Data:
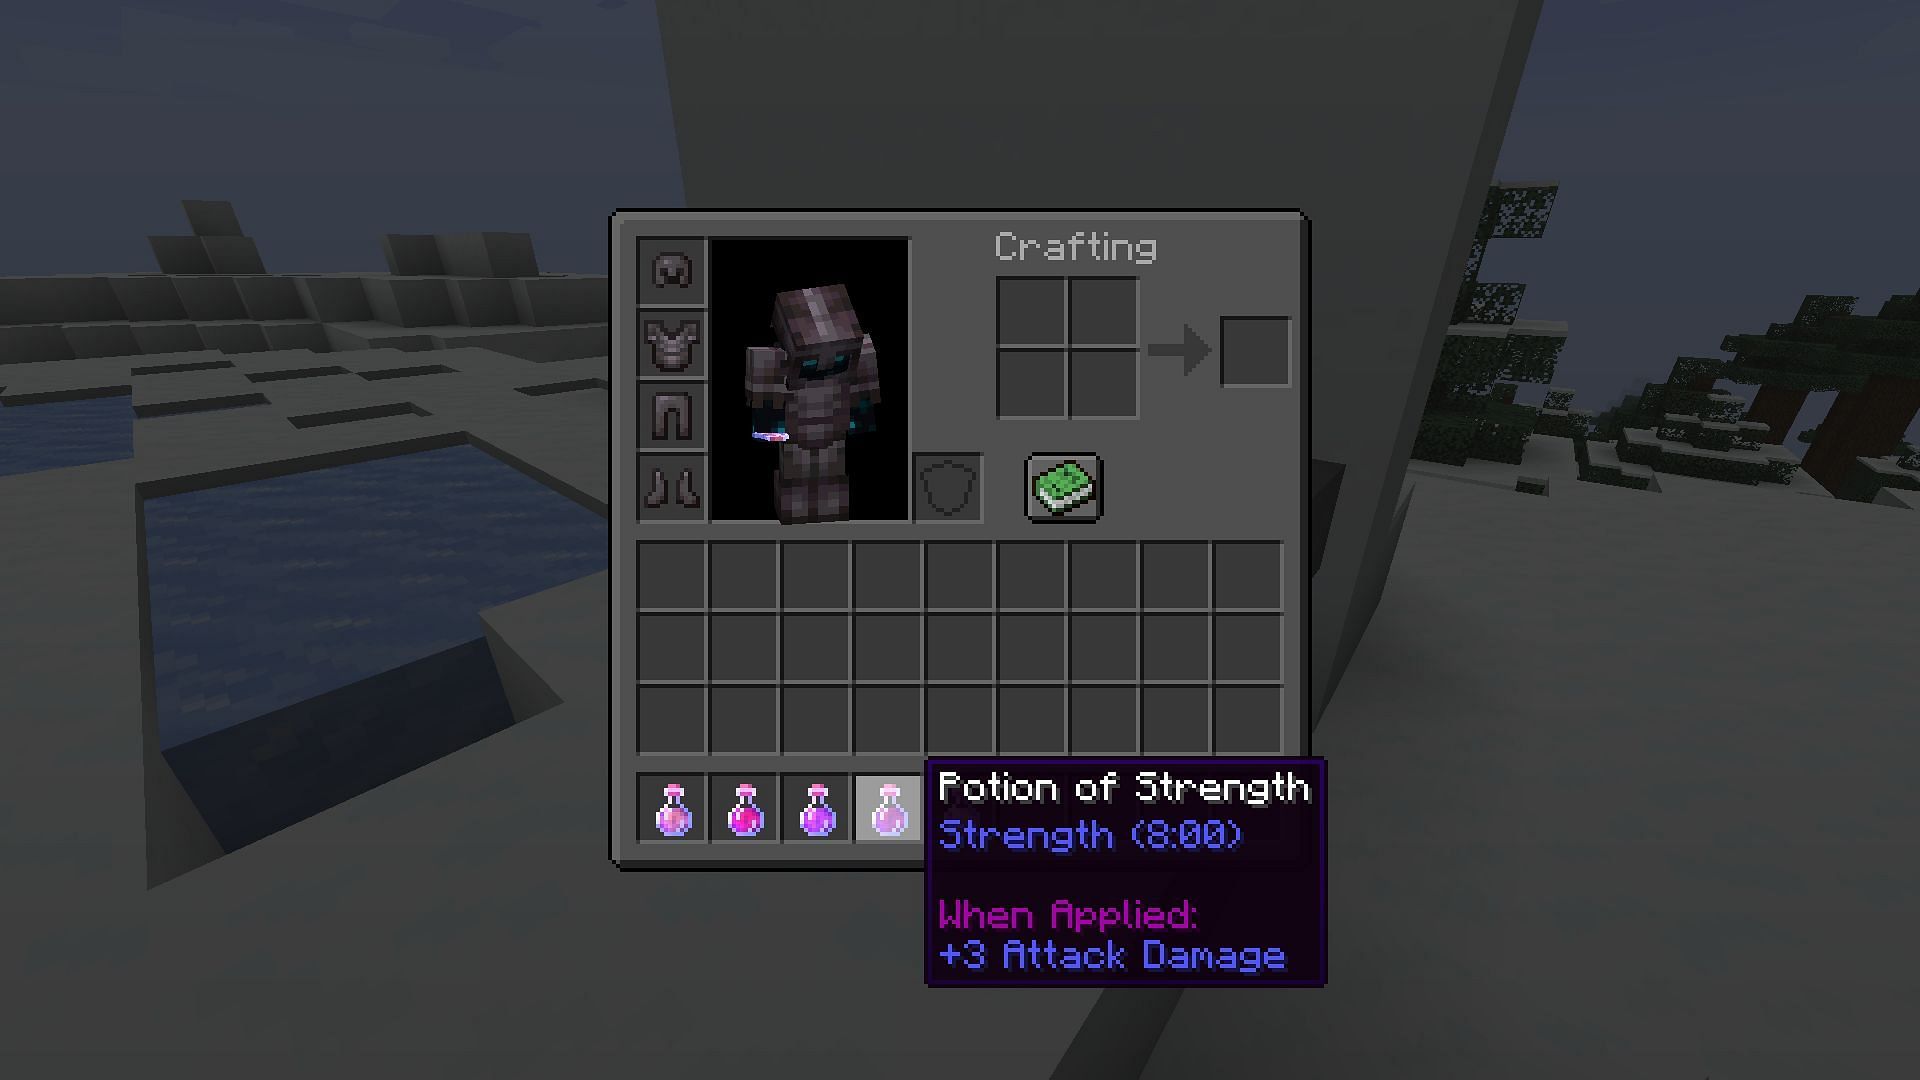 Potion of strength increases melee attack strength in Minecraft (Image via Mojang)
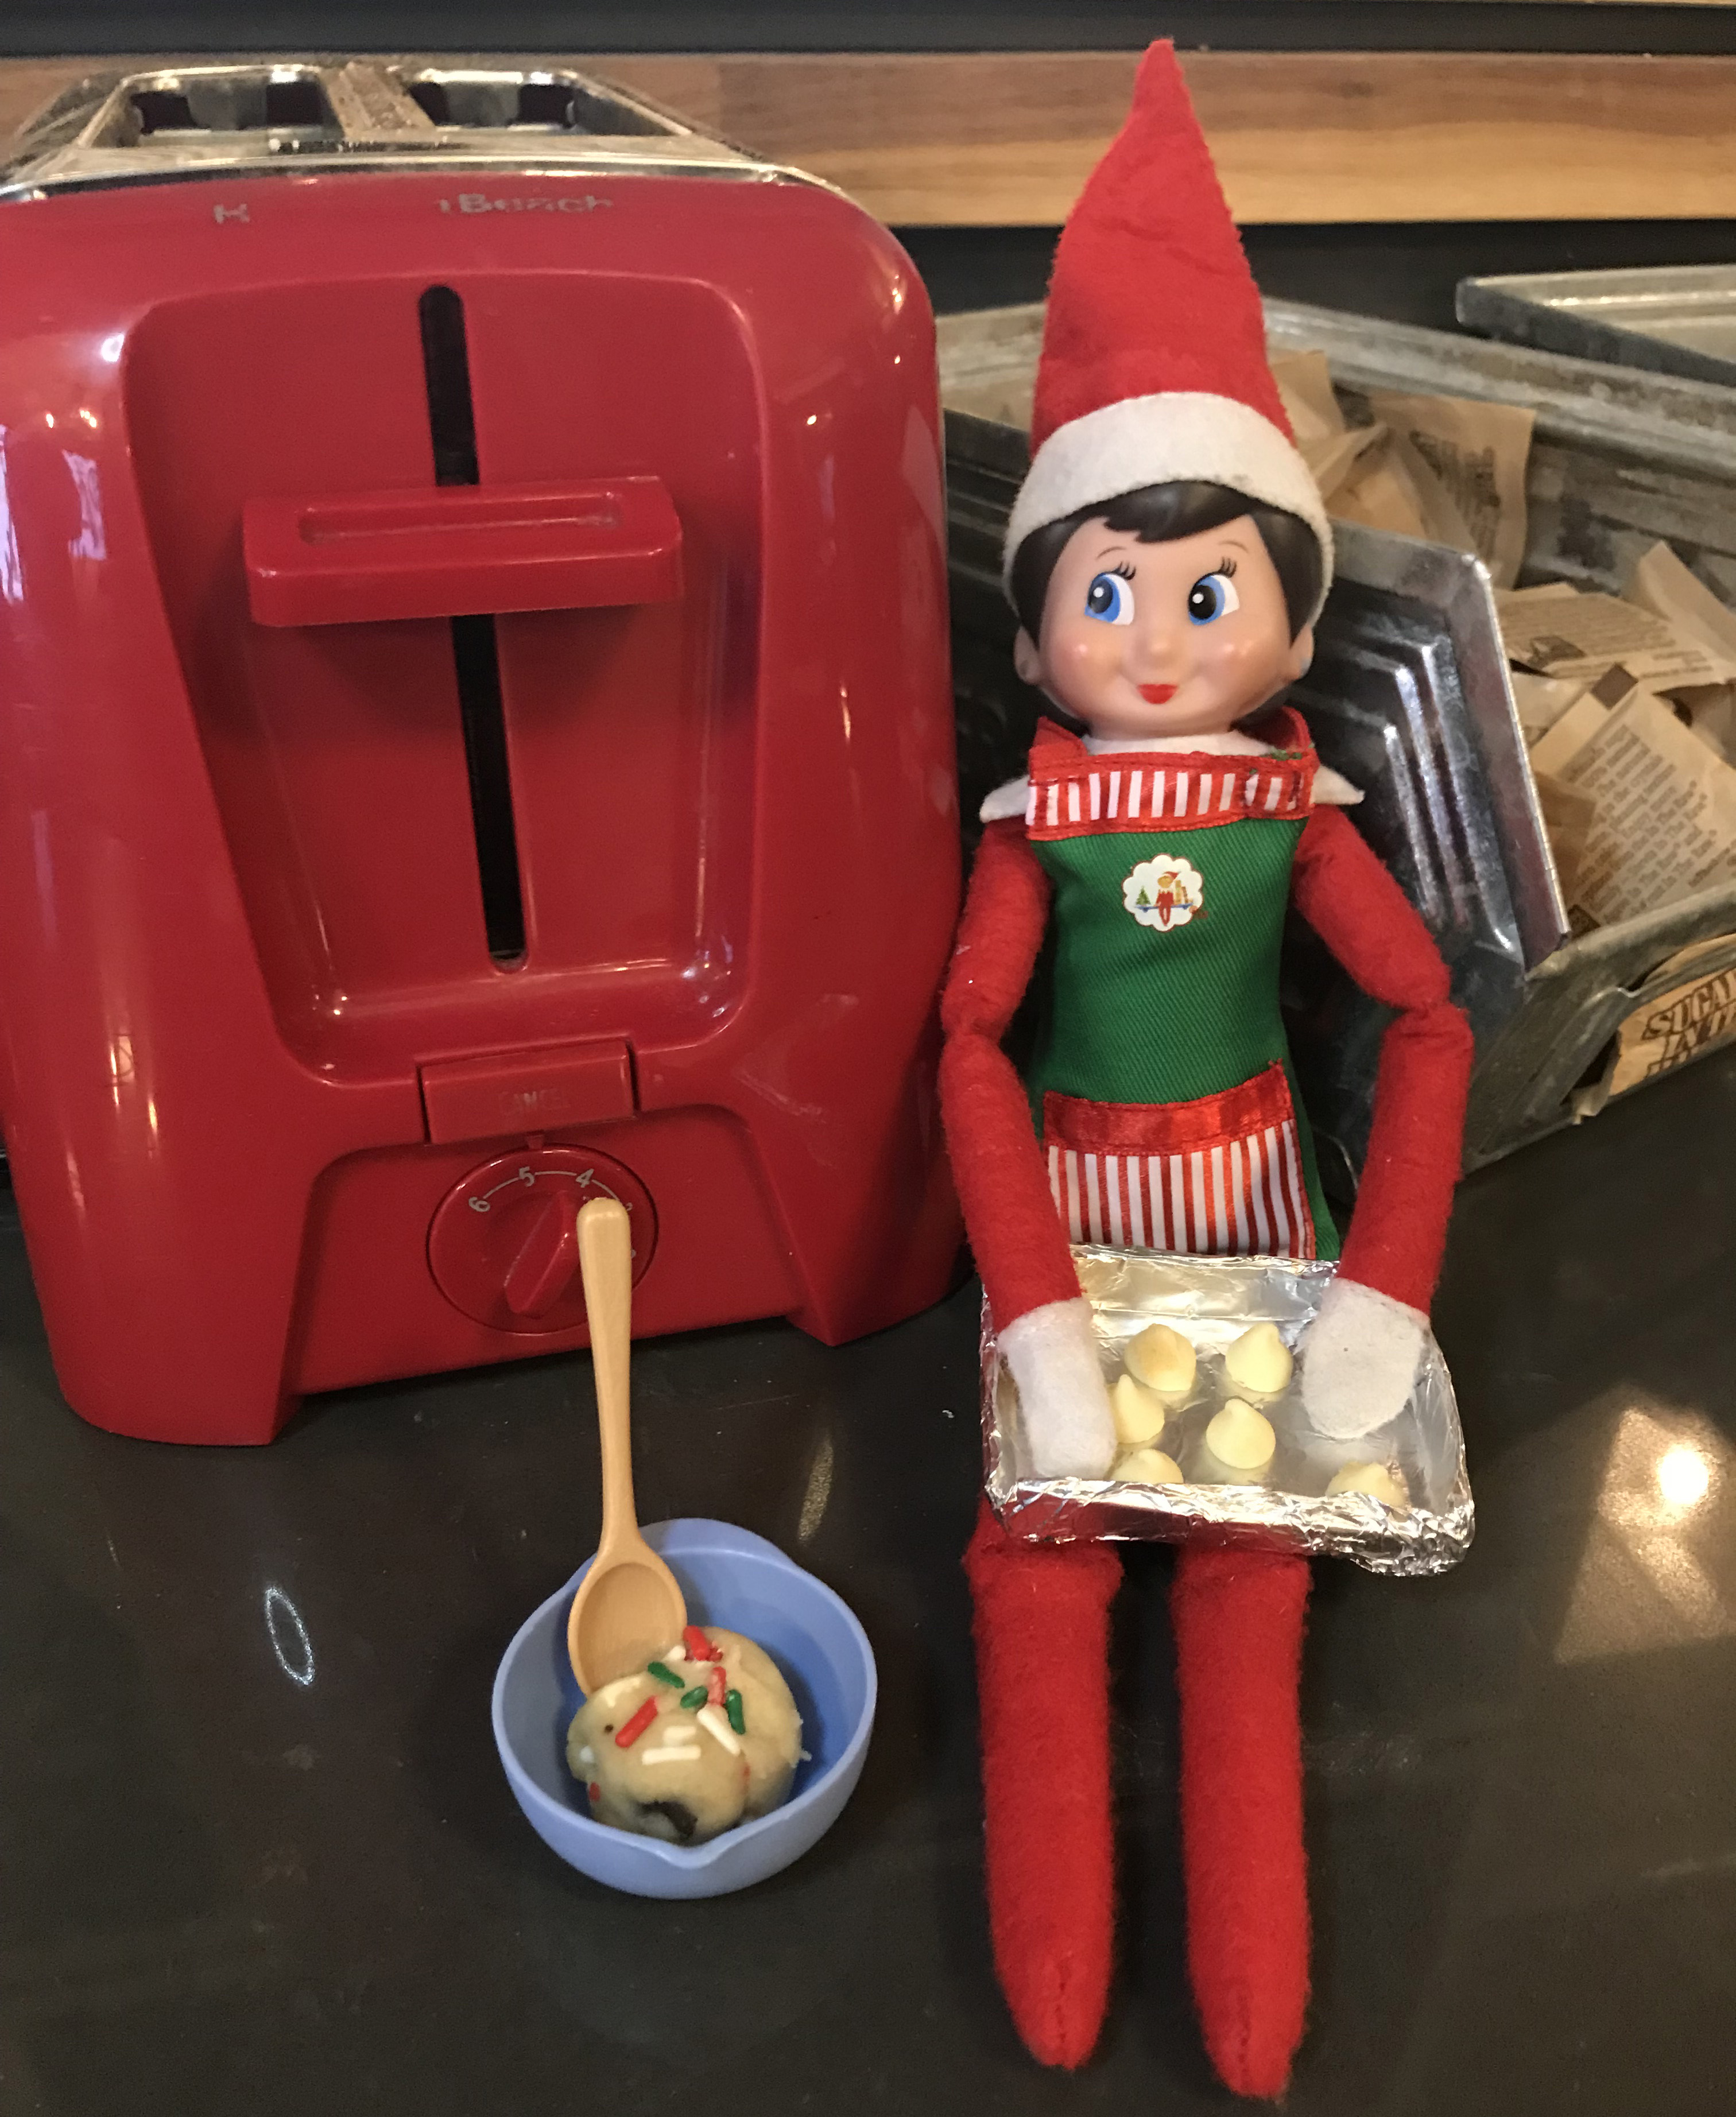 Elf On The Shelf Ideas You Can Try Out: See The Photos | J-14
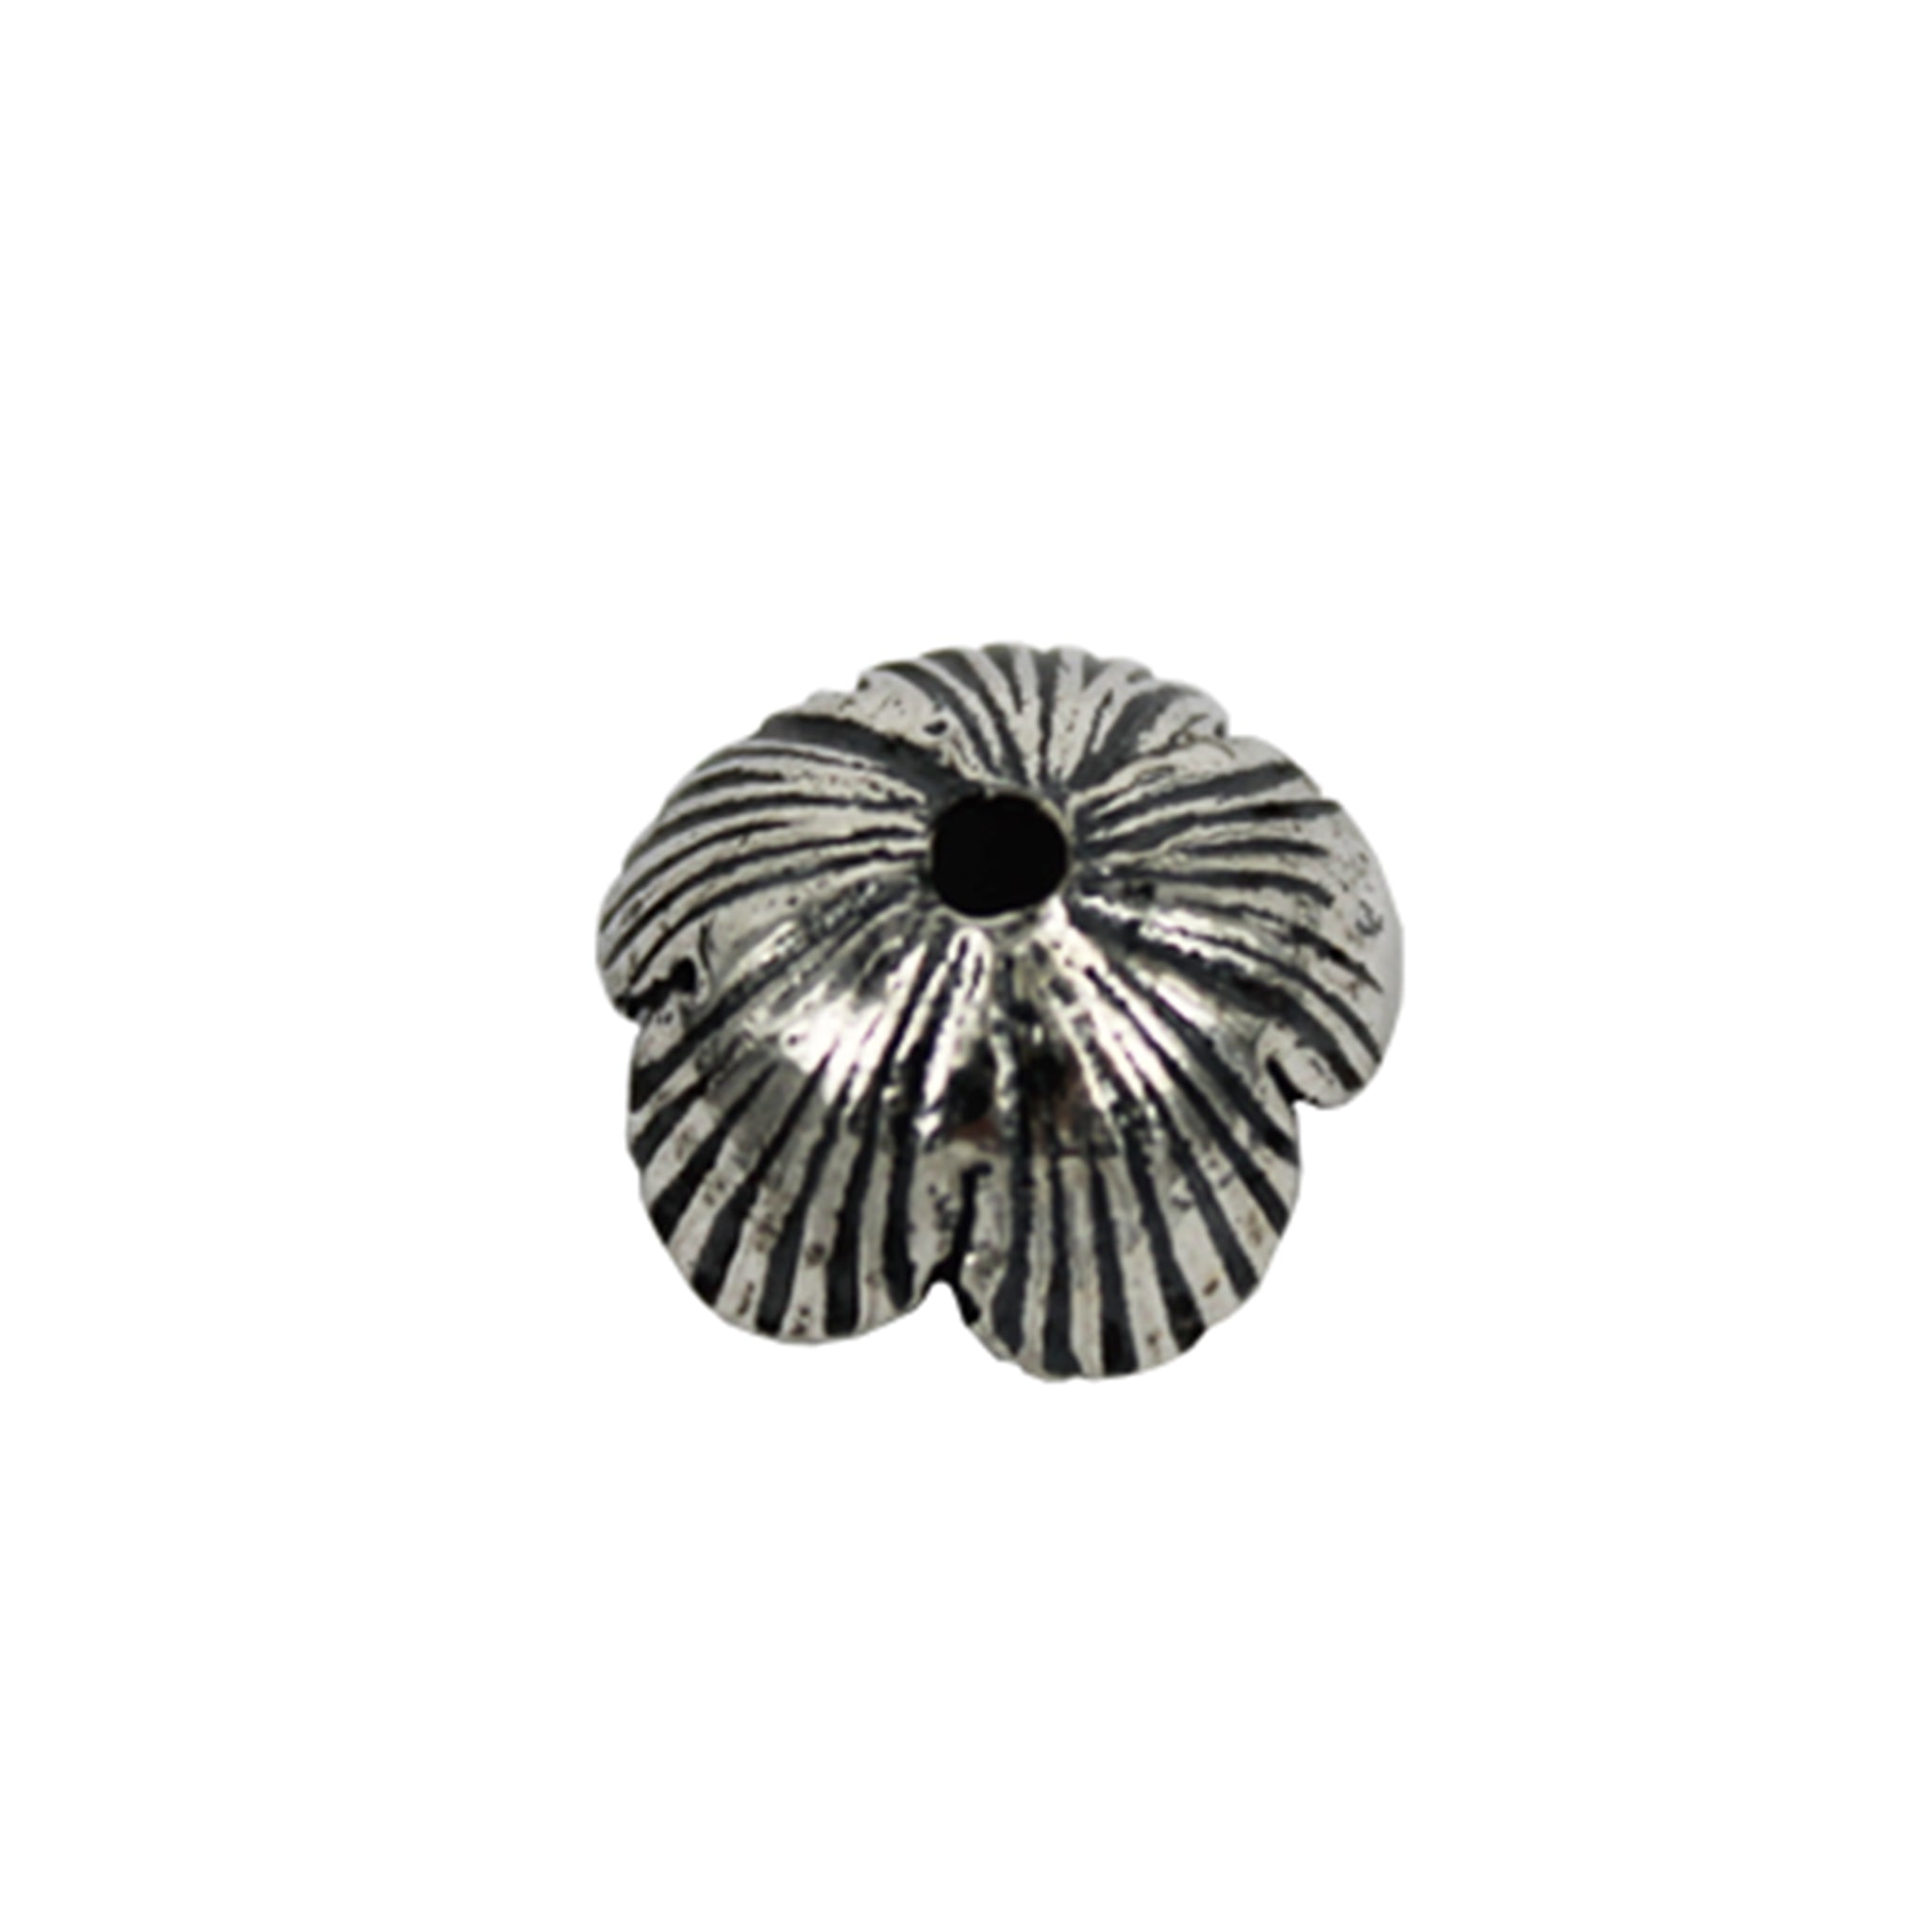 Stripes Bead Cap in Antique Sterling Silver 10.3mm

Activity: Write down exactly the lines running from the line with "Elf On The Shelf" through the end of the material, both ends included, and none of the pictures.

Written answer:
 Elf On The Shelf Ideas You Can Try Out: See The Photos | J-14
 Stripes Bead Cap in Antique Sterling Silver 10.3mm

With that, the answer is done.